In Windows 7, I dragged an RTF file from Explorer into the corkboard view of the Research folder. The program crash, shutting down completely.
I restarted the program and clicked on the research folder, then tried to import from the File menu and had the same crash. (Both time, before the crash, I was given a warning that the file would be converted to RTF, which is odd since it already is an RTF).
I then restarted the program and clicked on the research folder. I right clicked it and chose Add->New Text. The program crashed.
For what it’s worth, I’m using the NaNoWriMo template.
Restarted. Clicked on manuscript folder, hit Ctrl-N, program crashed.
Additional info that might be relevant. I have the folder for this project in my DropBox folder so it syncs with my other computers.
[NOTE: ignore this post and read update below]
On further reflection, I suspect it’s the DropBox syncing that is messing things up. I opened a fresh local copy of the nanowrimo template and hit Ctrl-N and added a new text page with no crash. The Drop Box sync must corrupt the files somehow. Any fix for this?
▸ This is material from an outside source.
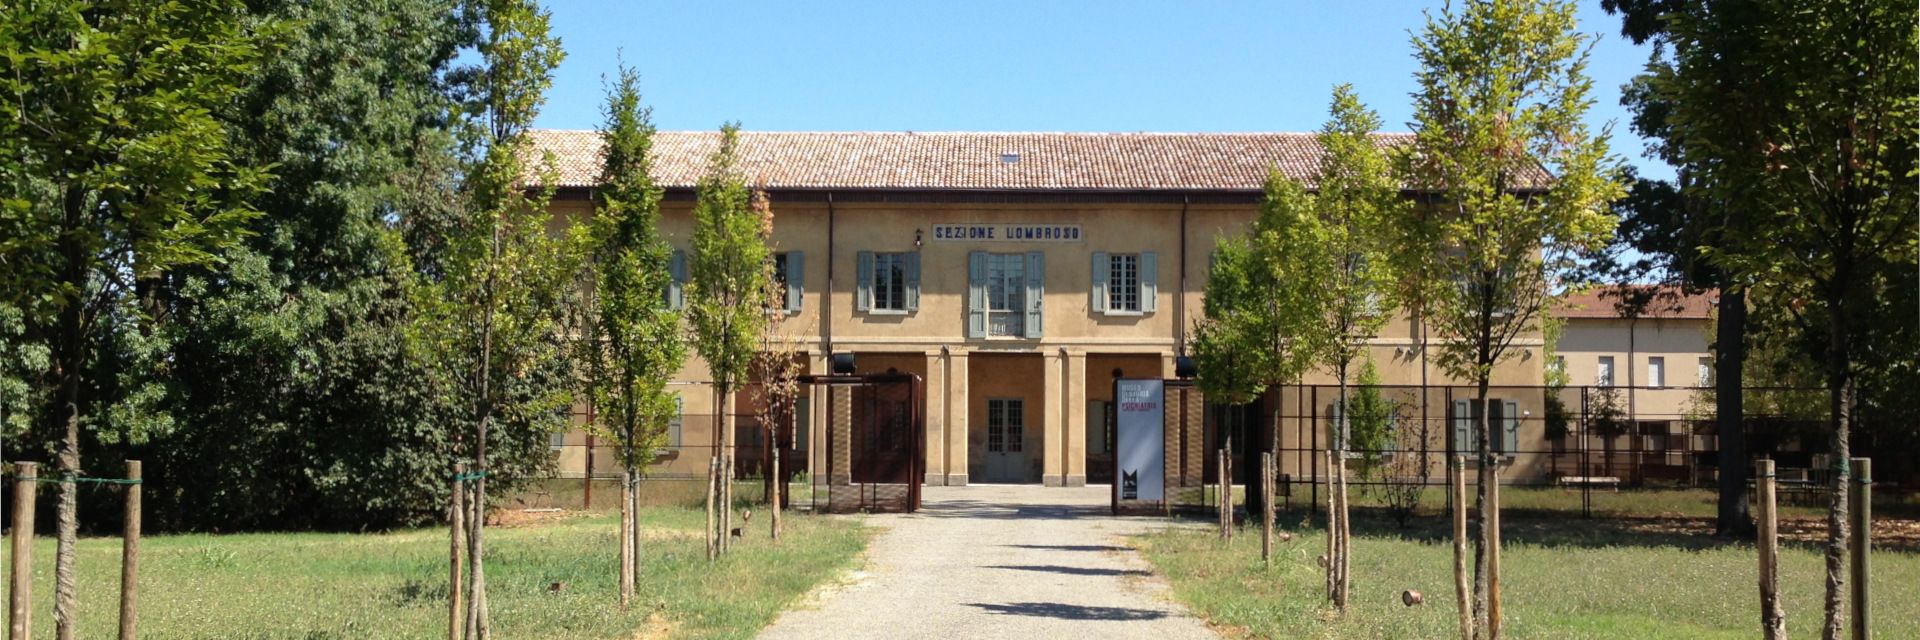 Museo de Historia de la Psiquiatría de Reggio Emilia

Don’t use it in the Dropbox folder?
There isn’t much more you can do than that, unfortunately. You may get it to work without Dropbox running, but the way Scrivener handles files means that it would be relatively unwise for you to have the Dropbox application running when you are editing a Scrivener project within the Dropbox folder.
UPDATE! 
Well, here’s more.
I created a fresh new local version of the project using the nanowrimo template. No DropBox this time.
Created new “page” or whatever they are called. No problem.
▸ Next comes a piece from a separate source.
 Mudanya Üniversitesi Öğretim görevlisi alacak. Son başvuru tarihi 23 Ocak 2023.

Then tried to drag and drop the RTF into the research folder cork board (which is where all this started) and the program crashed. When I re-opened the fresh new local version of the project, and hit Ctrl-N, it crashed.
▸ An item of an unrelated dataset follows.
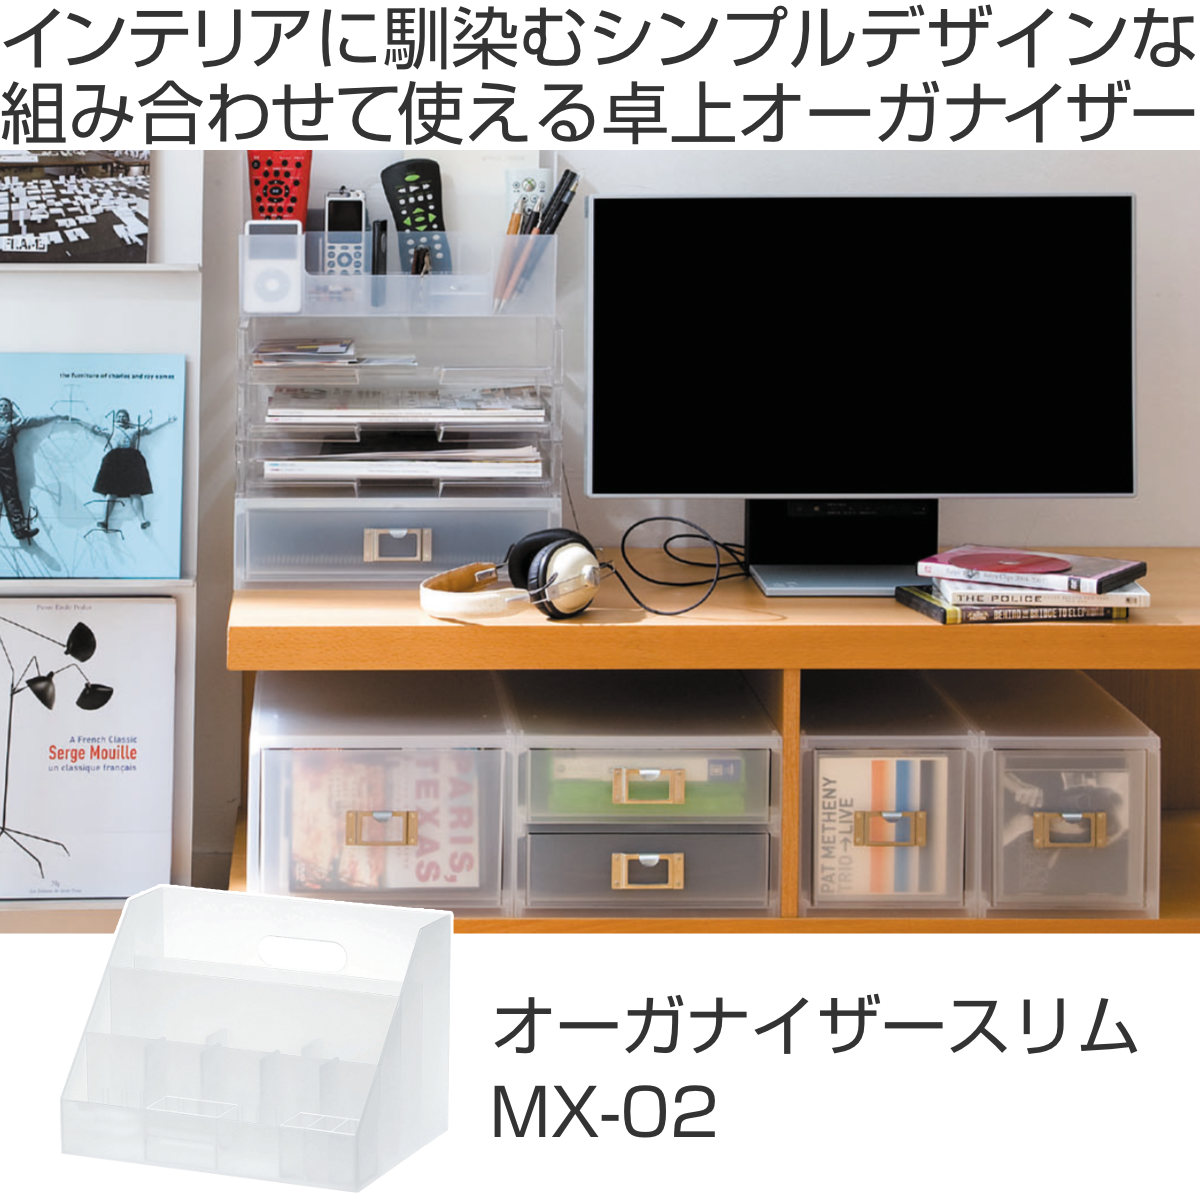 小物収納 プラスチック 卓上収納 MX-02 A4 サイズ 収納ボックス

So this is something that’s being triggered by the drag and drop from Explorer to Scrivener, it’s not a DropBox issue.
ADDITIONAL INFO
I started a new project without the nanowrimo template just to remove that variable. Opened a new fiction manuscript. Hit Ctrl-N and created new page, no problem. Used File->Import to import the RTF file, and the program crashed. So this is an import bug.
You might want to send the .rtf file to Lee, as well as telling him which program you created the .rtf file in.
Seems you aren’t the one facing problems with the import.
You might want to consider copying the work in your .rtf file from your Word Processing program and pasting it into Notepad, then copying what is in Notepad into Scrivener. Doing this strips out all the meta data and anything else, turning your .rtf into plain text. Just, perhaps, a viable work-around.